Event Title: Bush Foreign Policy: The Next Stage, Keynote Address
Sponsor: Stanley Foundation Conference on National and Global Security
Location: Ronald Reagan Building and International Trade Center
Date: December 7, 2006
Approximate Number of Attendees: 60
Intern Attending: Ava Jones
Speaker: Stobe Talbott, President of Brookings Institution.
Mr. Talbott believes that US strength is uncertain. It has been diminished because we are held in low regard around the world, seen as a country needing to be contained, and because international institutions are in an advanced state of disrepair due to disillusionment with the US over the war in Iraq. Our disregard for international law, institutions, treaties, and alliances further hurts our standing in the world. We have squandered our strength to topple a totalitarian regime which has turned into a failed state with a civil war and security vacuum. These problems exist not only in Iraq, but also in Afghanistan. Right now our focus should be looking forward to determine what steps we should be taking.
In the best case scenario we can rescue Iraq from complete failure. To do this we will need maximum help, collaboration, trust, and goodwill from the international community. We also need to learn from the failed structure of unilateralism: going in light militarily, dismantling the army and police, excessive reliance on exiles, and the use of Saddam’s prisons to torture.
Mr.

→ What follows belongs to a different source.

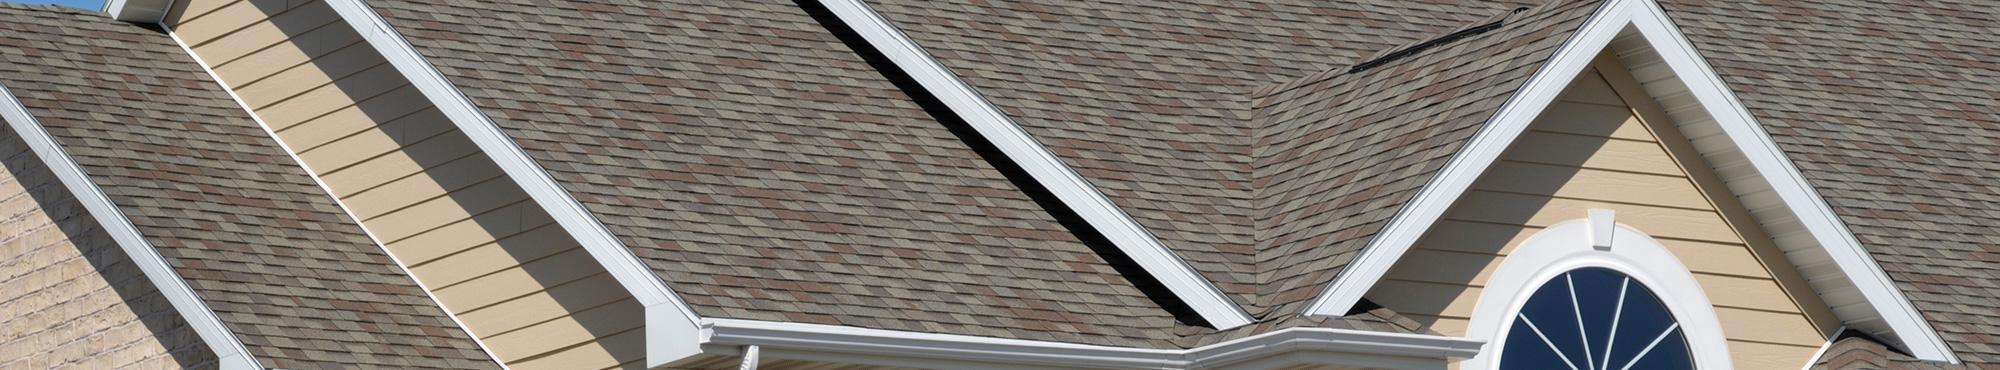 West Coast Roofers LLC

Talbott expressed some skepticism about the ability of the US to save Iraq; It may be too far gone and out of our control. He states that our “search for new policy is driven primarily by exigencies of American politics without regard to Iraqi politics.” Finally, in looking at Iraq in a larger context we notice that the problems there are symptomatic of the problems in larger US foreign policy.
He offered four suggestions on how to manage this foreign policy problem. Firstly, he stated that we need a broad overhaul of US foreign policy, including a change of course in Iraq. We need to rely more on diplomacy, repair relations with our allies, strengthen international institutions like the UN, and take a new look at arms control and proliferation treaties such as START, NPT, CTBT. Secondly, we need to endorse international law. The US should sign the Rome Statute of the International Criminal Court. Thirdly, we need to engage with the UN Human Rights Council. It is imperative for us to address the treatment of our prisoners and detainees and that includes developing an exit strategy from Guantanamo Bay. We should also firmly abide by the Geneva Convention; the interpretation of this convention should not be left up to the President. Lastly, we need to address climate change. A new policy for global warming will be evidence of a new foreign policy. A successor to the Kyoto Protocol is needed.
The next year of Bush’s presidency will be key to helping the new administration in 2008. The foreign policy decisions he makes will impact not only US strength in the world, but also the legacy of the war in Iraq.